Single by Jordan Knight

from the album Unfinished
- Released: March 1, 2011
- Recorded: December 2010
- Genre: Dance-pop
- Length: 4:06
- Label: JK Music; eOne; Mass Appeal Entertainment;
- Songwriter: Jordan Knight
- Producers: Colby O'Donis, Marcus Siskind

Jordan Knight singles chronology
| "Say Goodbye" (2006) | "Let's Go Higher" (2011) | "Stingy" (2011) |

Music video
- "Let's Go Higher" on YouTube

= Let's Go Higher (Jordan Knight song) =

"Let's Go Higher" is the first single from Jordan Knight's third studio album Unfinished, released on May 31, 2011. It was released on March 1, 2011 on iTunes. This is Jordan Knight's first solo single in over 5 years, the last one being "Say Goodbye" (2006).

==Release==
Jordan Knight's single "Let's Go Higher" was released on March 1, 2011. The single is available as a digital download on iTunes.

==Background==
The song was written by Jordan Knight and Mauli B and produced by onetime Lady Gaga collaborator Colby O'Donis. "I had a track and I really liked this track.

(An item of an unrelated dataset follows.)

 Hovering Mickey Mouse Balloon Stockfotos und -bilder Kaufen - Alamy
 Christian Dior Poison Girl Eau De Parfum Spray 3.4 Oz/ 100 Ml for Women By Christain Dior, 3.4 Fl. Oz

I needed a writer to see if they could put some good idea over it," Knight said of another song he had been working on. "I was always talking about Colby O'Donis. He's got a great vibe," he recalled.

==Music video==
The video was filmed in April 2011. About the music video, Knight said: "Fans can expect the video to be a mix between cool, sexy and fun" - though the process wasn't easy.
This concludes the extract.